3. Let $T\in Sp(n)$ and write its unique polar decomposition: $T=PQ$ where $P\in S(2n)$, $P>0$ and $Q\in \mathcal{O}(2n)$. Prove that both $P$ and $Q$ are symplectic: $P, Q\in Sp(n)$.
4. Let $Q\in Sp(n)\cap\mathcal{O}(2n)$ and write $Q$ in the block form: $Q=\left[\begin{array}{cc} A & B \\ C & D\end{array} \right]$. Prove that $A=D$ and $B=-C$. Prove that $A-iB\in\mathbb{C}^{n\times n}$ is unitary.
5. Prove that $Q$ as in problem 4 above, is similar to $\mbox{diag}\big((A+iB), (A-iB)\big)$. Deduce that $\det Q>0$. Then, using problem 3 above deduce that for any $T\in Sp(n)$ there must be: $\det T = 1$. Note that this is an alternative proof of this statement, which does not use differential forms.

• Homework 3 (due February 16)
1. Show that the characteristic polynomial $P$ of a symplectic matrix is reflexive: $P(\lambda) = \lambda^{2n}P(\lambda^{-1})$. Deduce that the eigenvalues of a symplectic matrix occur in quadruples, namely: ($\lambda, \lambda^{-1}, \bar\lambda, \bar\lambda^{-1}$).
2. Let $H$ be a positive definite quadratic function on $\mathbb{R}^{2n}$. Show that there exists an antisymplectic linear map $T$ such that for every $x= (q_1\ldots q_n, p_1\ldots p_n)$ there holds: $H(Tx) = \sum_{j=1}^n \frac{q_j^2 + p_j^2}{r_j^2}$. Here, $0 < r_1\leq r_2\ldots \leq r_n$ are the symplectic radii of $H$.
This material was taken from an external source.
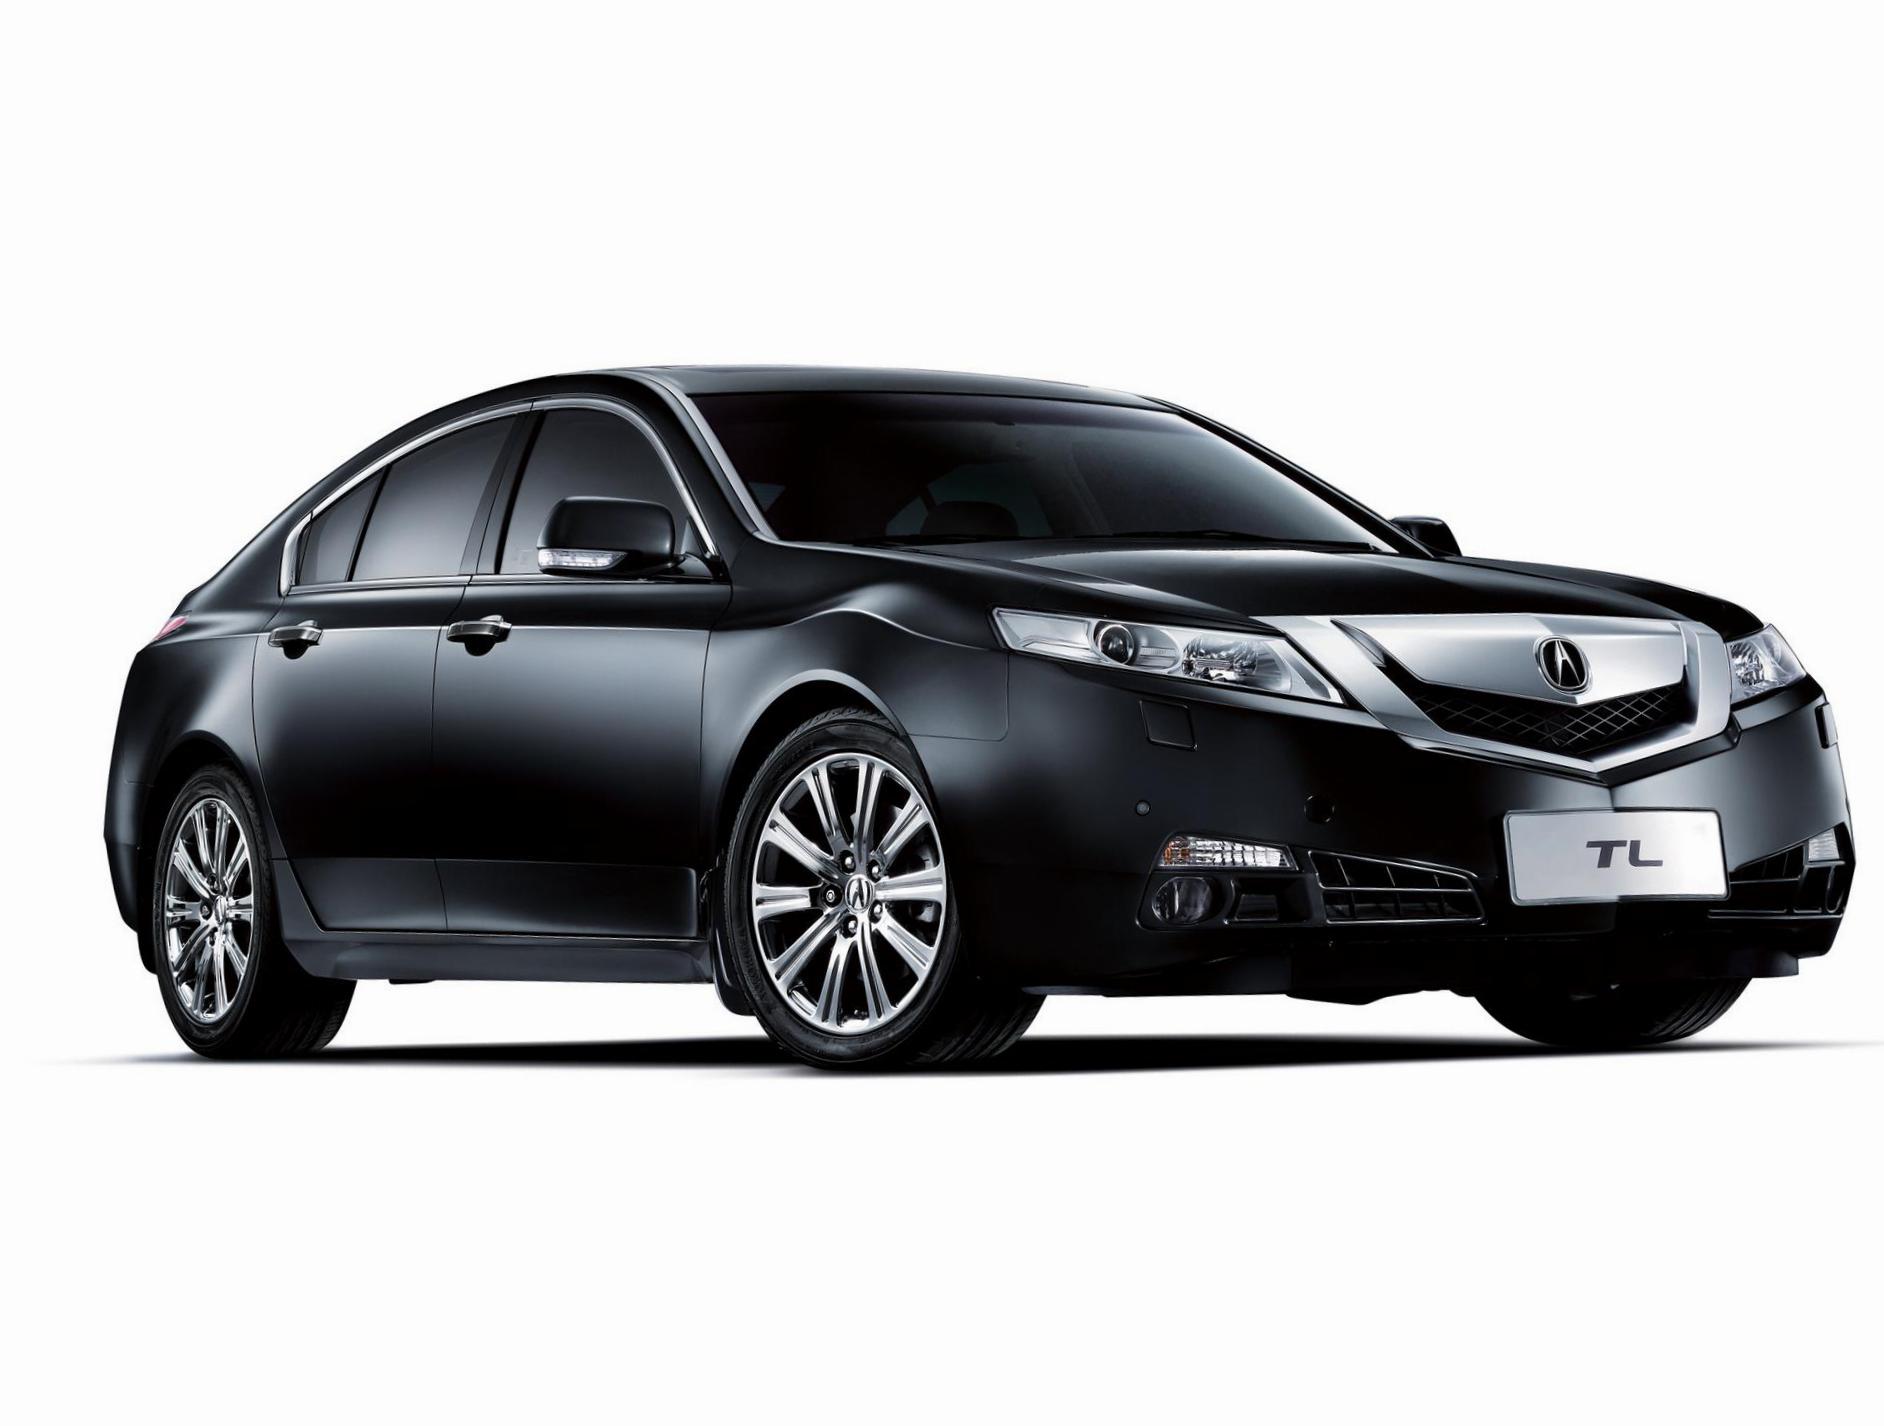 TL Acura approved 2015

3. Let $E_1$ and $E_2$ be two ellipsoids in $\mathbb{R}^{2n}$. Show that they have the same (vectors of) symplectic radii if and only if there is an antisymplectic linear map $T$ such that $T(E_1) = E_2$.
4. Compute the determinant of an antysymplectic linear transformation in $\mathbb{R}^{2n}$. What are the antisymplectic matrices in $\mathbb{R}^{2\times 2}$?
5. Let $T$ be an invertible linear map on $\mathbb{R}^{2n}$ for $n>1$. Assume that for every ellipsoid $E$, the second symplectic radii of $E$ and $TE$ are the same. Show that $T$ must be symplectic or antisymplectic.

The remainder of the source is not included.